The storage of hydrogen is essential to establishing a hydrogen-based society. Methods including the application of carbon dioxide possess a huge potential. Based on the catalytic processes of formation and decomposition of formic acid, a CO2-neutral hydrogen generation cycle will be possible. For example such a cycle based on generation and decomposition of formic acid has been achieved in our group. An analogous cycle can be envisioned in the case of methanol. For both, MeOH and formic acid, the comparably high volumetric energy density constitutes a significant advantage.

Fig. Device for continious hydrogen Generation (up to 47 L H2/h) from formic acid developed at LIKAT

Ref.:

  • A. Boddien, D. Mellmann, F. Gärtner, R.Jackstell, H. Junge, P. J. Dyson, G. Laurenczy, R.Ludwig, M. Beller, Science, 2011, 333, 1733-1736; Efficient Dehydrogenation of Formic Acid using an Iron Catalyst.
  • A. Boddien, C. Federsel, P. Sponholz, D. Mellmann, R. Jackstell, H. Junge, G. Laurenczy, M. Beller, Energy & Environmental Science 2012, 5, 8907-8911; Towards the Development of a Hydrogen Battery.
  • P. Sponholz, D. Mellmann, H. Junge, M. Beller, ChemSusChem 2013, 6, 1172-1176; Towards a practical Setup for hydrogen production from formic acid.

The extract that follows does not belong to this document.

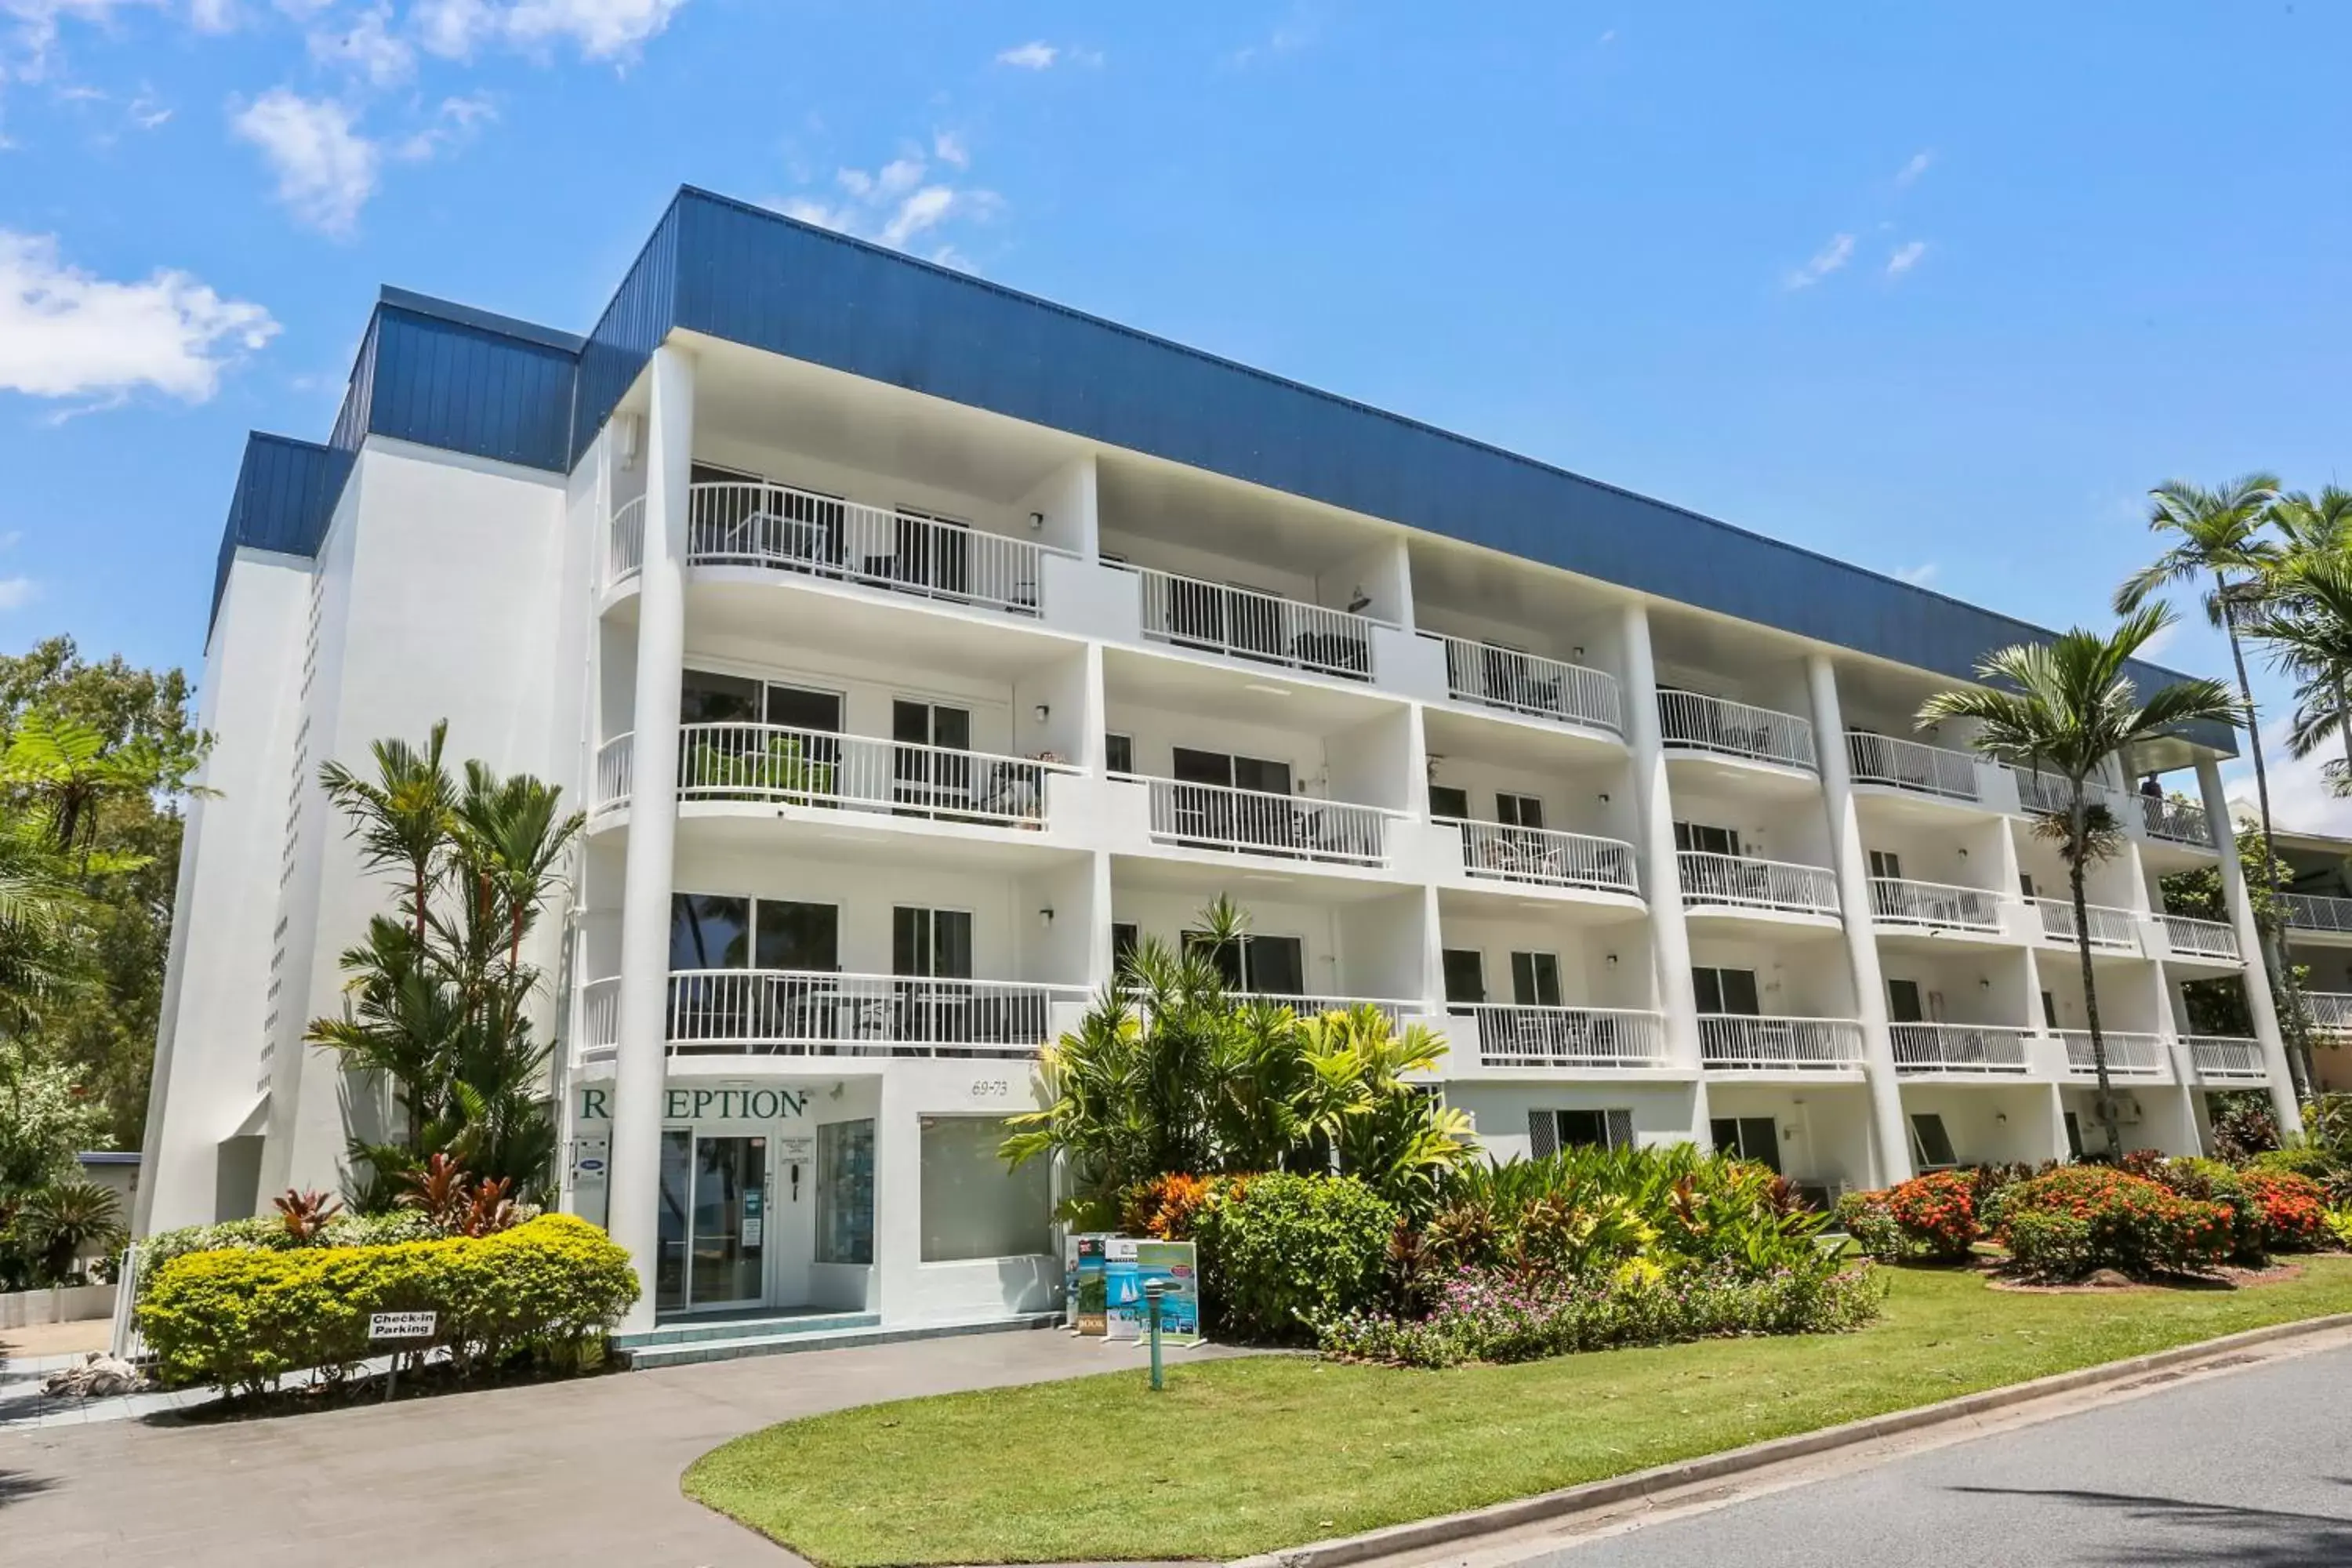 Property Building in Agincourt Beachfront Apartments

Also in this part, the focus lies on the development of abundant and non-noble metal-containing catalyst materials for the replacement of platinum and iridium catalysts in fuel cells and electrolysers. Therefore, concepts from homogeneous catalysis are applied in heterogeneous catalysis, and thus combined with the advantages of the latter.

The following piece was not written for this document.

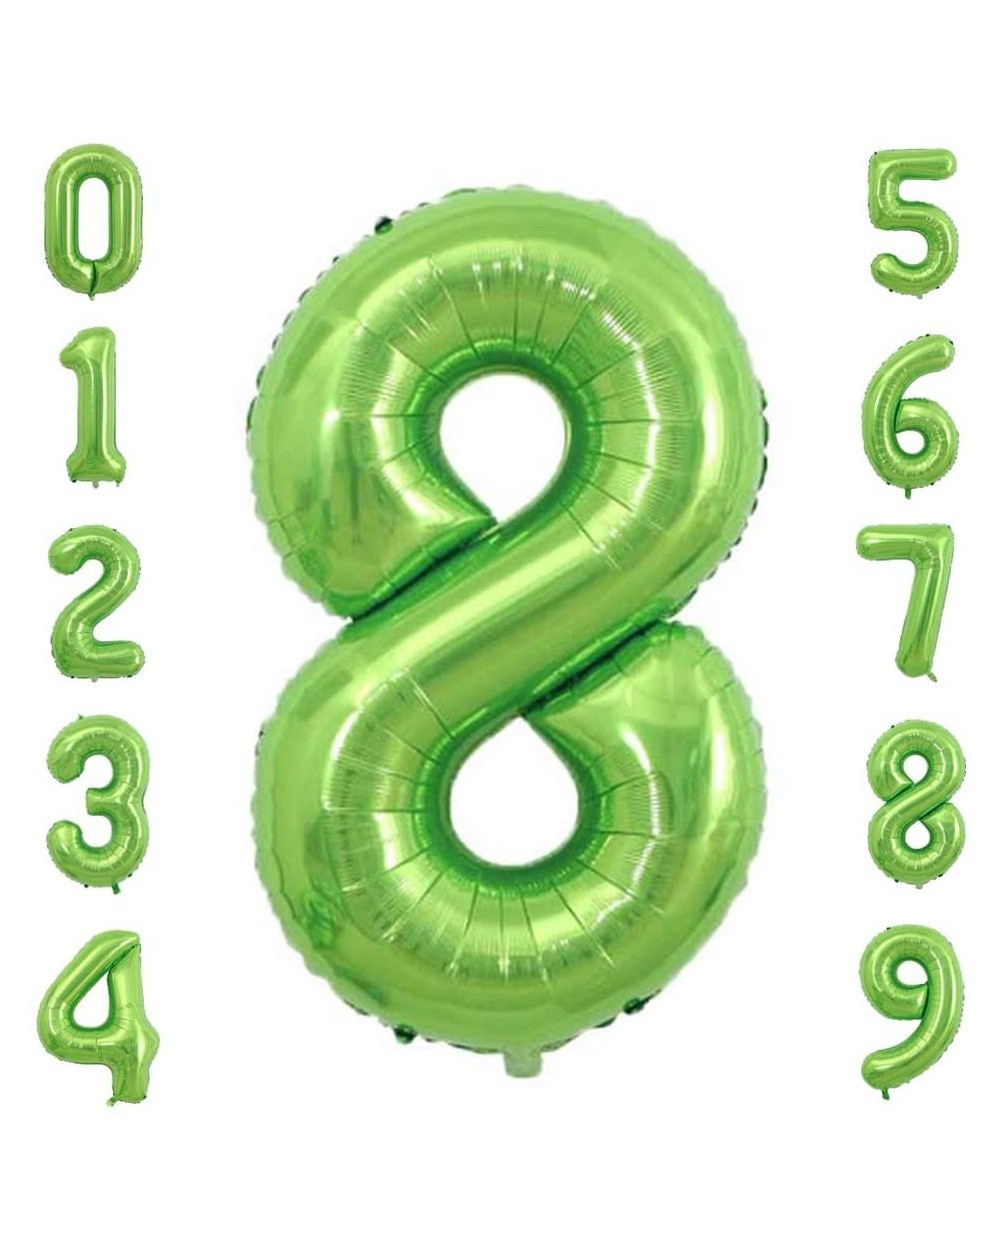 Balloons Big Number 8 Balloon- Green Number Balloons for 8th Borthday Party Decorations Boy Girl Kids- 40 Inch - Green 8 - C1...

Core-shell nano particles on carbon
fuel cell equipped with a LIKAT-catalyst

Ref.:

  • R. V. Jagadeesh, A.-E. Surkus, H. Junge, M.-M. Pohl, J. Radnik, J. Rabeah, H. Huan, V. Schünemann, A. Brückner, M. Beller, Science, 2013, 342, 1073-1076; Nanoscale Fe2O3-based Catalysts for Selective Hydrogenation of Nitroarenes to Anilines.
  • R. V. Jagadeesh, T. Stemmler, A.-E. Surkus, M. Bauer, M.-M. Pohl, J. Radnik, K. Junge, H. Junge, K. Junge, A. Brückner, M. Beller, Nat. Prot. 2015, 10, 916–926; Cobalt-based nanocatalysts for green oxidation and hydrogenation processes.

Various projects have been performed or are currently in progress dealing with the above mentioned topics. They are funded either by the Europaen Union, the German Research Foundation, the Federal Ministry of Education and Research (e.g. “Light2Hydrogen”, within the frame of “Spitzenforschung und Innovation in den neuen Ländern”), the AIF or the Ministry for Economy of Mecklenburg- Western Pommerania. Our group collaborates with well known German as well as international scientists and industrial partners. In addition, we are well equipped with powerful instrumentation and suitable analytical Tools.